The main method below launches two std::async s. The future f in the main method is initially used to hold the future for the first async before being reassigned to the future of the second std::async. Both threads still appear to still complete on schedule which surprised me. Initially I (foolishly?) expected the first thread to be terminated/suspended on the reassignment of the future but was surprised to find it still lingering around.

Based on what I observed today I think I understand that the first async thread becomes detached at the future reassignment. I kept seeing segfaults during my ordeal today and I reckon this was simply the main thread terminating before the orphaned async processes could finish.

////////////////////////////////////////////////////////////////////////////
#include <iostream>
#include <future>
#include <thread>
#include <chrono>

#define WAIT_A_MINUTE std::this_thread::sleep_for(std::chrono::seconds(5));

int myBusyFunc() {
    WAIT_A_MINUTE
    std::cout<<"done!"<<std::endl;
    return 71675;
}

std::string futureStatusStr(std::future<int>& f){
    switch (f.wait_for(std::chrono::seconds(0))){
    case std::future_status::ready: return "ready";
    case std::future_status::timeout: return "timeout";
    case std::future_status::deferred: return "deferred";
    default:return "unknown";
    };
}

void printFutureStatus(std::future<int>& f){
    std::cout<<futureStatusStr(f)<<std::endl;
}
/////////////////////////////////////////////////////////////////////////////

int main()
{
    std::future<int> f = std::async(std::launch::async,myBusyFunc);
    printFutureStatus(f);
    f = std::async(std::launch::async,myBusyFunc);  // waits a minute
    printFutureStatus(f);
    f.wait(); // no wait required - ready
    printFutureStatus(f);

    return 0;
}

Additionally, it is noteworthy that the second printFutureStatus(f); statement immediately after the future reassignment doesn't flush immediately. It does appear that the future reassignment causes the main thread to wait. This still surprises me - could anyone offer an explanation?

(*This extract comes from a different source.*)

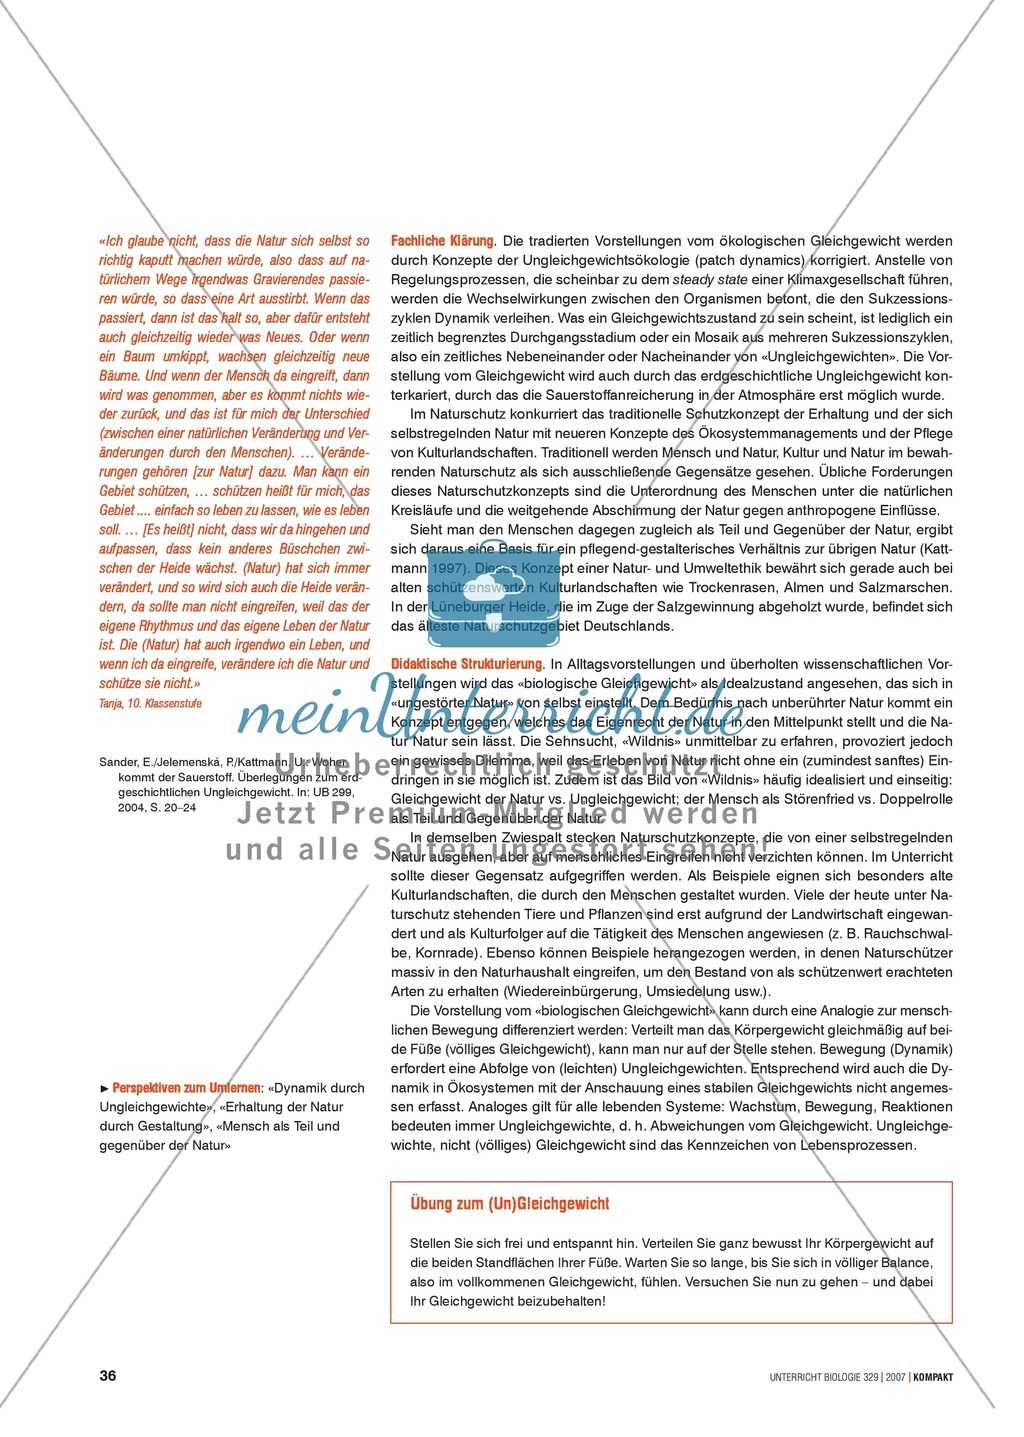 Alltagsvorstellungen zur Ökologie - Mensch und Natur: Info-Text und Aufgaben Preview 2

This behavior is actually documented in std::future::~future . Excerpt from the documentation below:

  • these actions will not block for the shared state to become ready, except that it may block if all of the following are true:

    • the shared state was created by a call to std::async ,
    • the shared state is not yet ready, and
    • this was the last reference to the shared state.

In practice, these actions will block only if the task's launch policy is std::launch::async (see "Effective Modern C++" Item 36), either because that was chosen by the runtime system or because it was specified in the call to std::async .

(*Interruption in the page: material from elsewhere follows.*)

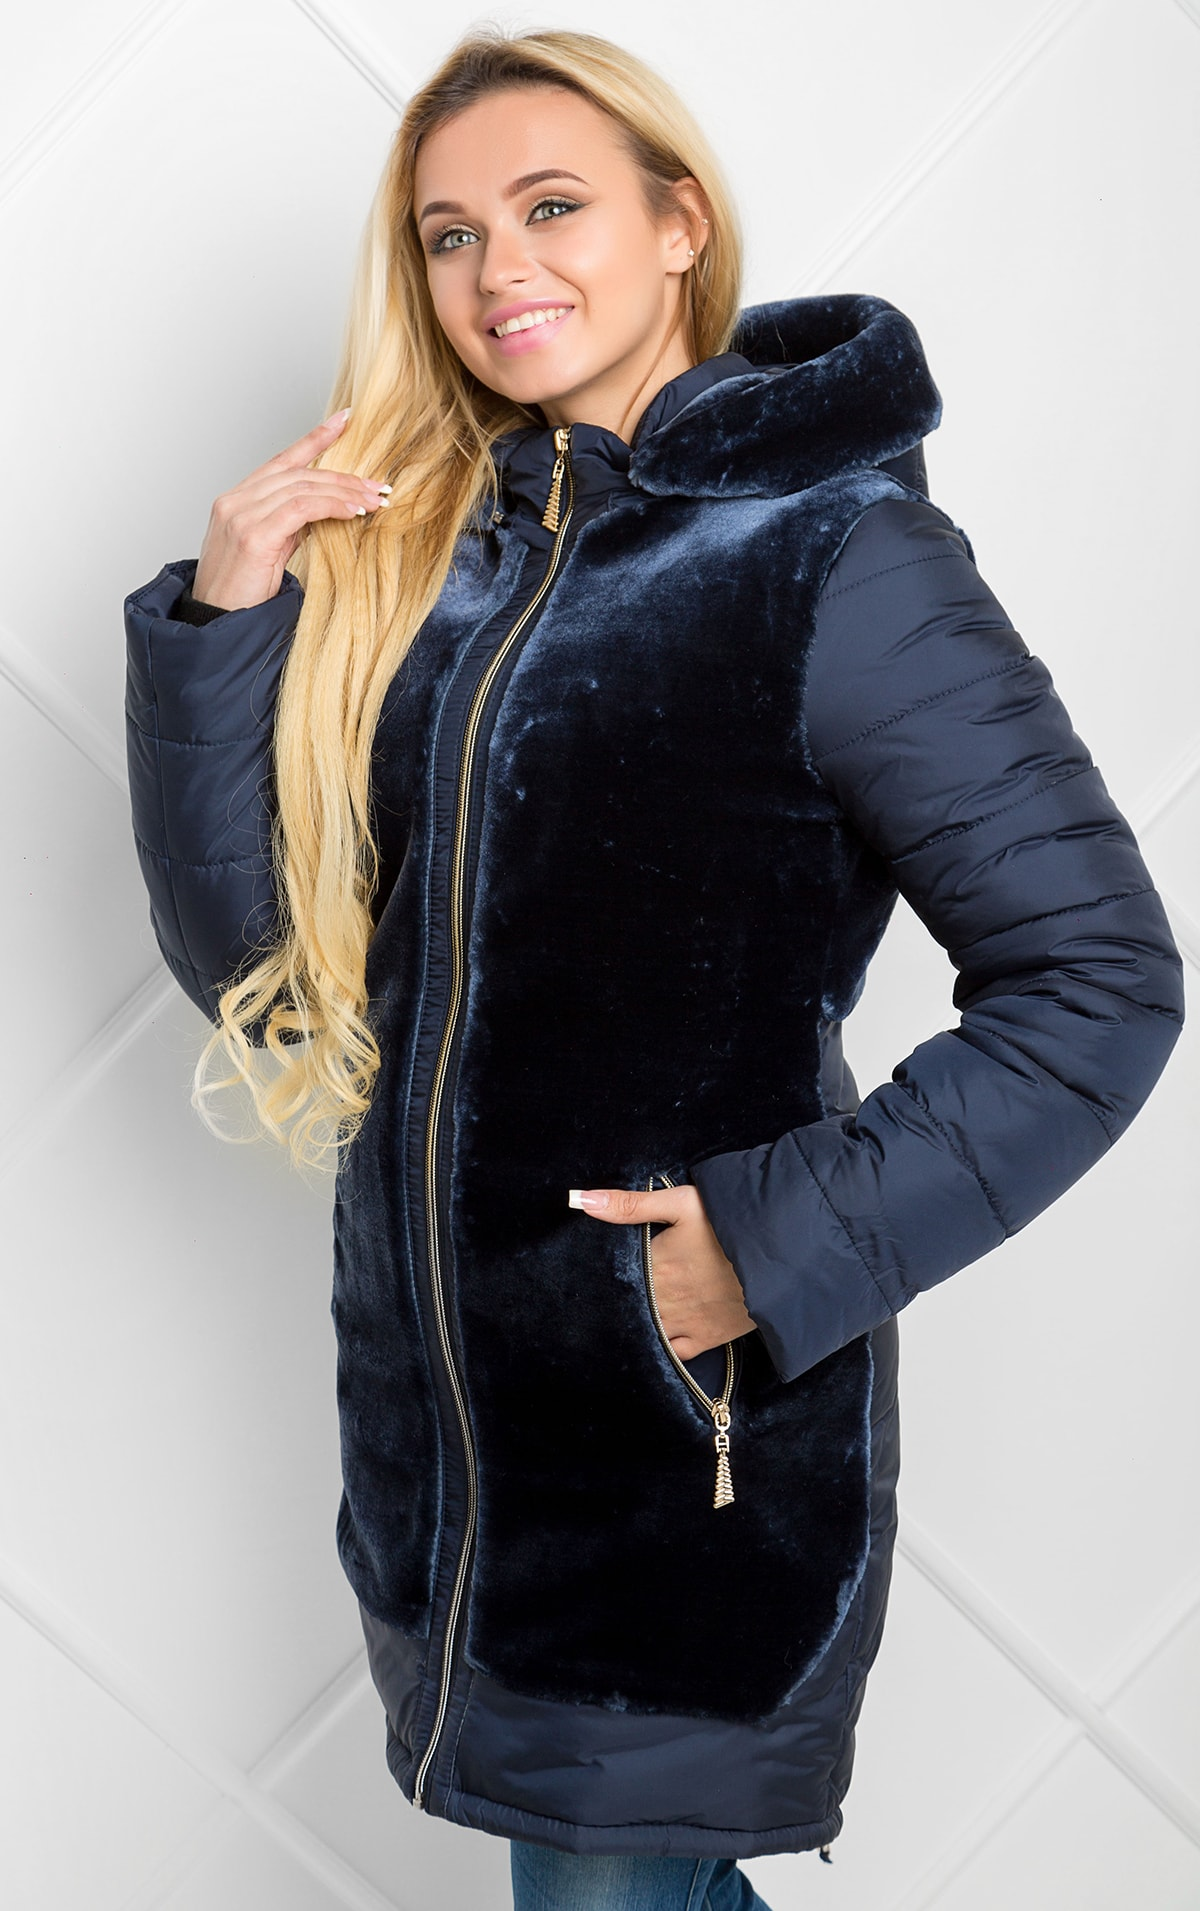 d152a8a024c Image Image Image. Распродажа Продано. Зимняя длинная женская куртка ...

So, you can see that this result is not unexpected. When you reassign f , the old object is destroyed and in that process the caller becomes blocked.

Taking the above into consideration, if you need to replace the future without blocking, you have a few options:

  1. Use deferred execution policy ( std::launch::deferred )
  2. Store the shared state before replacing: auto g = f.share();
  3. If you want to discard or "abort" the old async call, introduce a mechanism to signal it for early-out.